WHAT THE EXERCISE ASKS:
Please copy the data below exactly; none of the pictures in it belong in the copy.

DATASET EXCERPT:
• • •

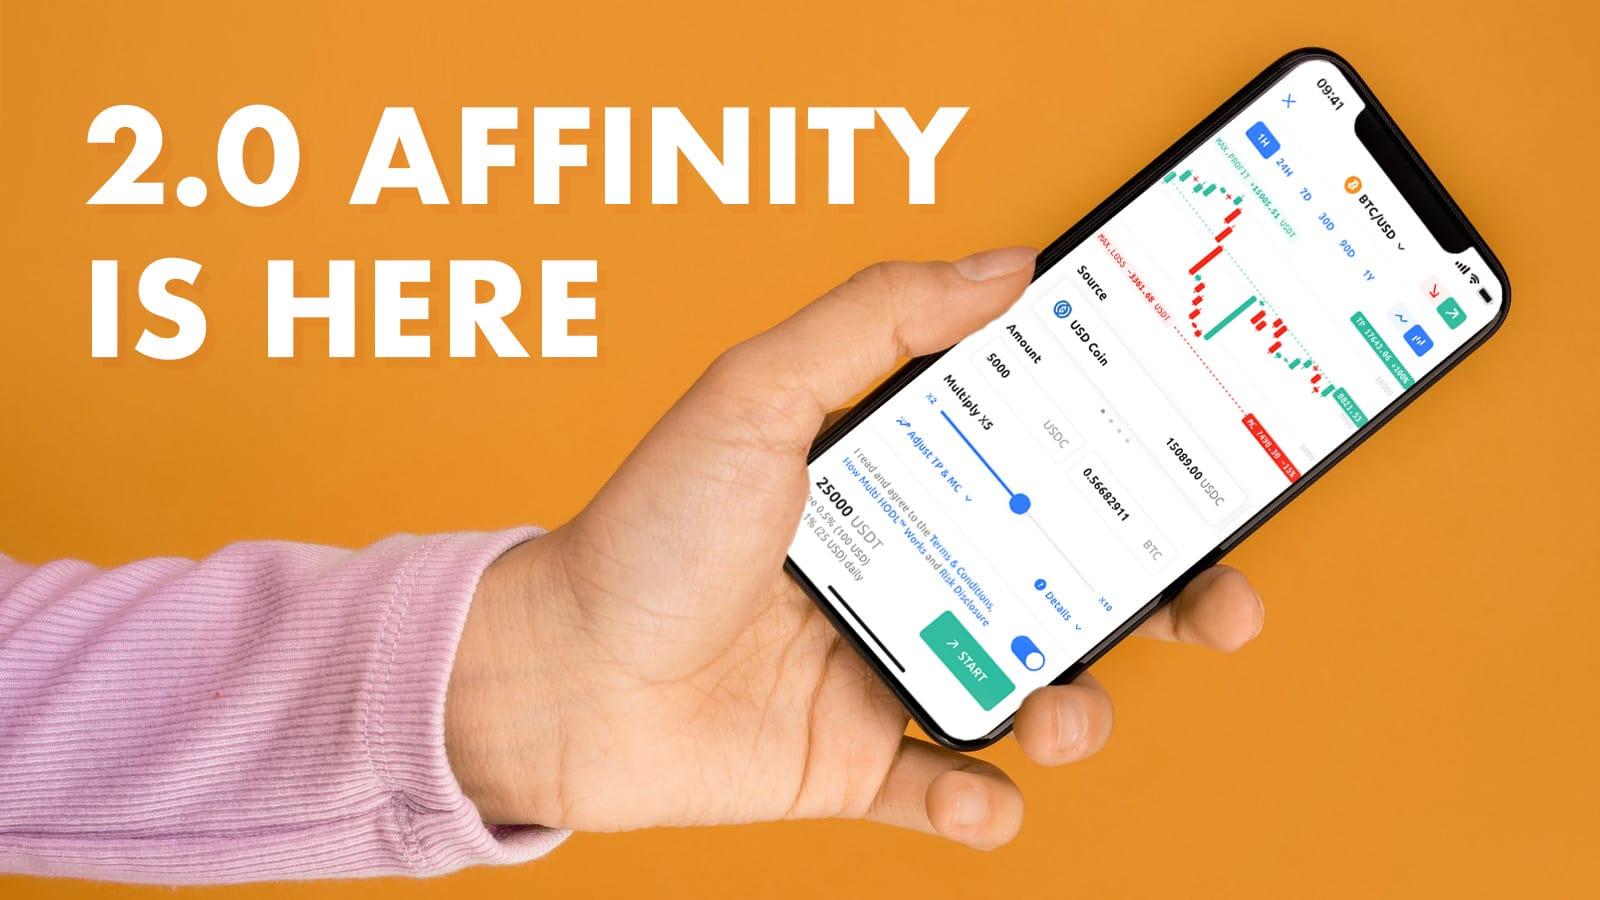 affinity, ethereum, bitcoin, BTC, ETH, crypto, crypto loans, cryptocurrency lending, DeFi, Fintech
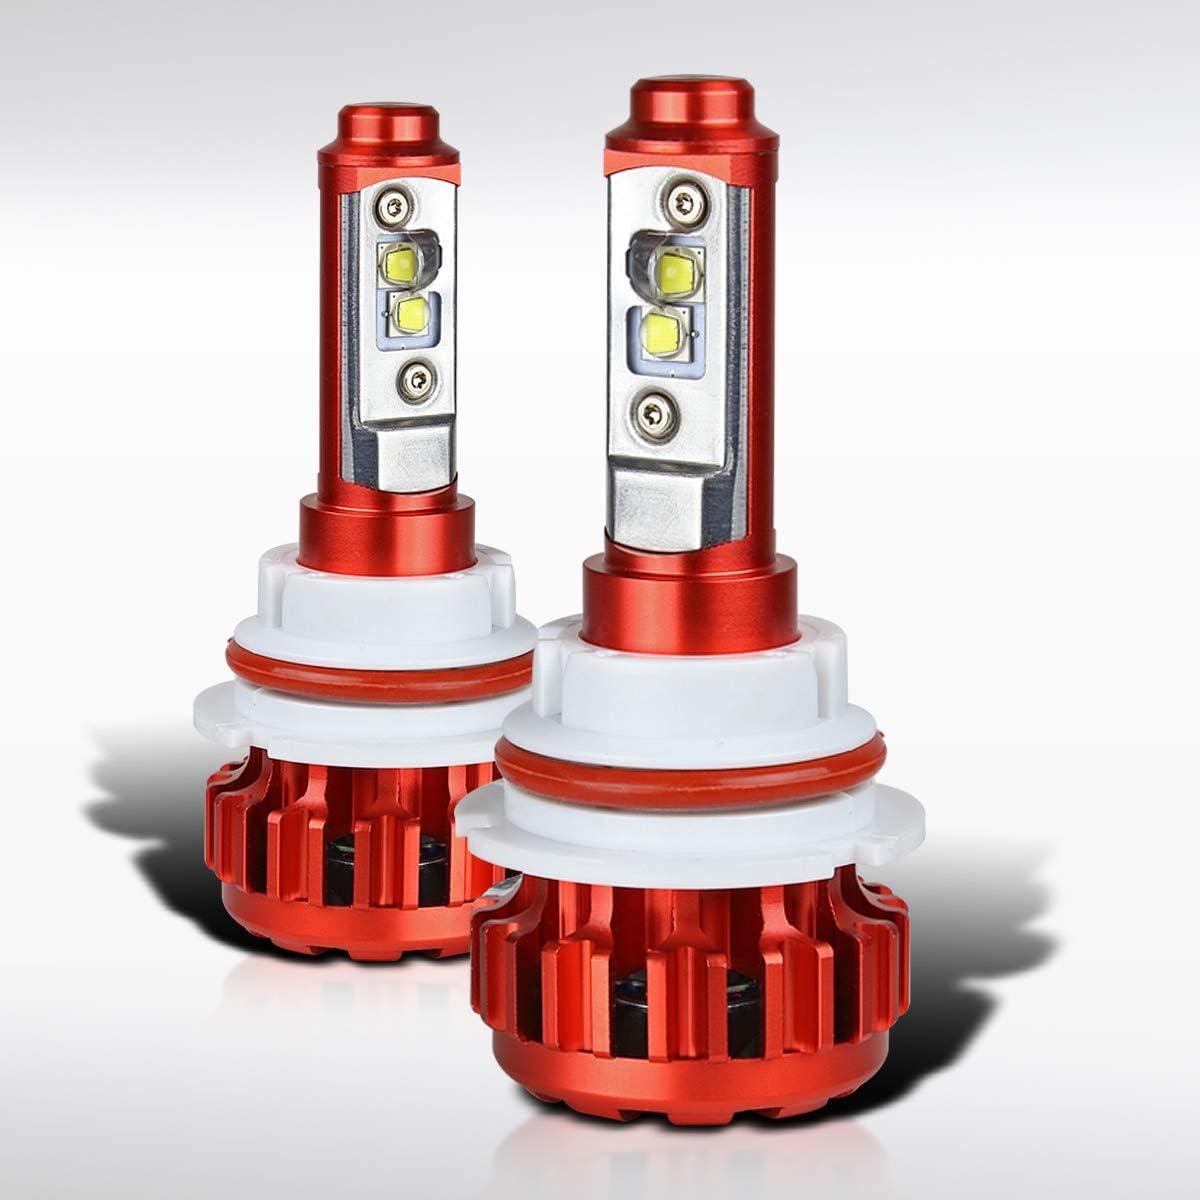 Cree LED Headlight Kit 9005 HB3 H10 9140 9145 1200W 6000K 180000LM Bulbs Pair
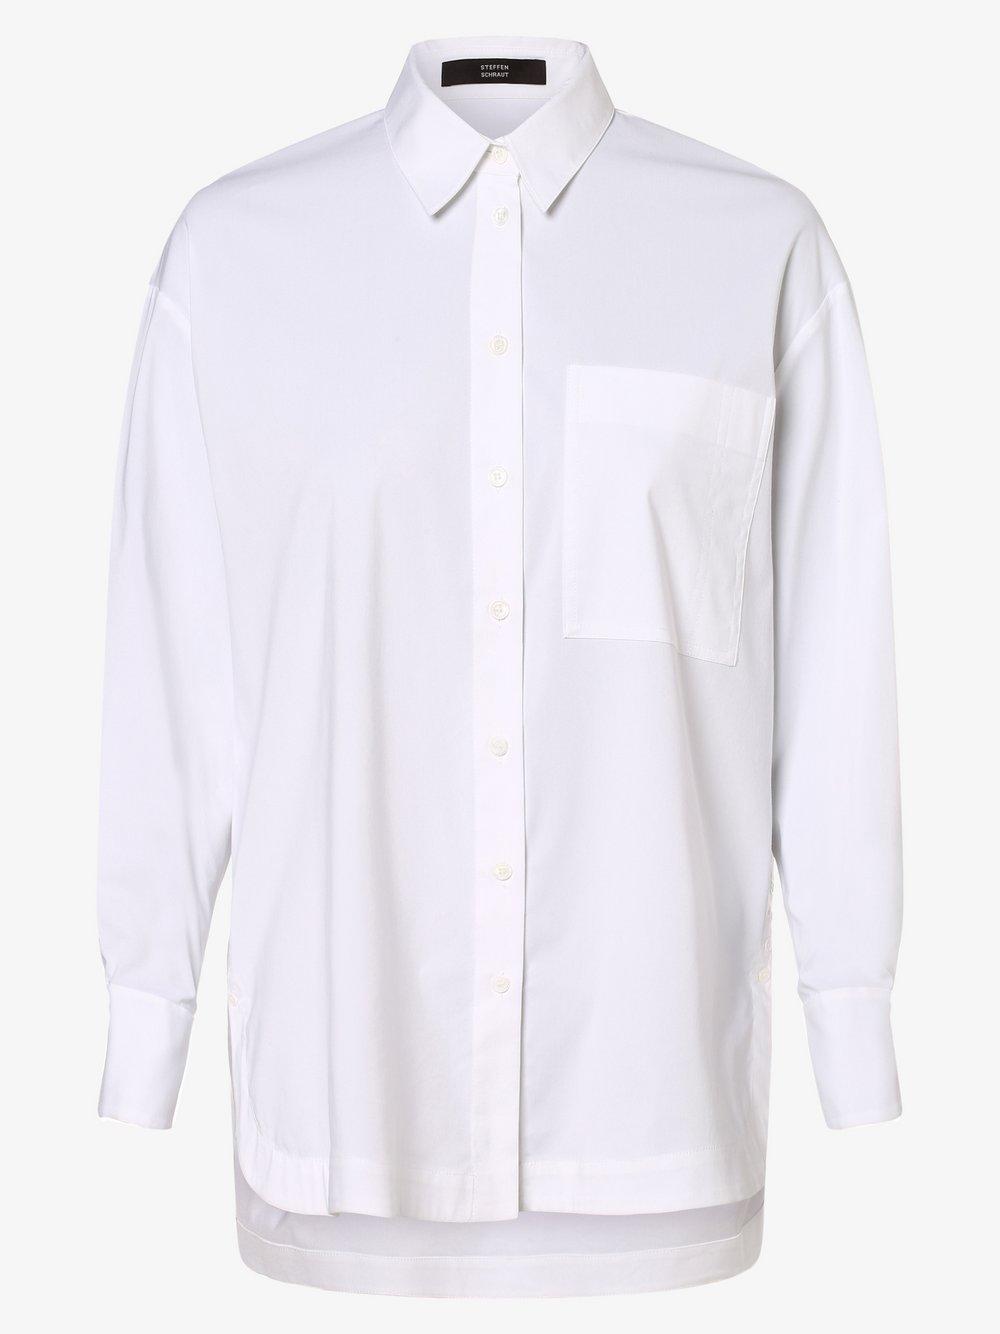 STEFFEN SCHRAUT – Bluzka damska, biały Van Graaf 479472-0001-00380

• • •

THE COMPLETED TASK:
 affinity, ethereum, bitcoin, BTC, ETH, crypto, crypto loans, cryptocurrency lending, DeFi, Fintech
 Cree LED Headlight Kit 9005 HB3 H10 9140 9145 1200W 6000K 180000LM Bulbs Pair
 STEFFEN SCHRAUT – Bluzka damska, biały Van Graaf 479472-0001-00380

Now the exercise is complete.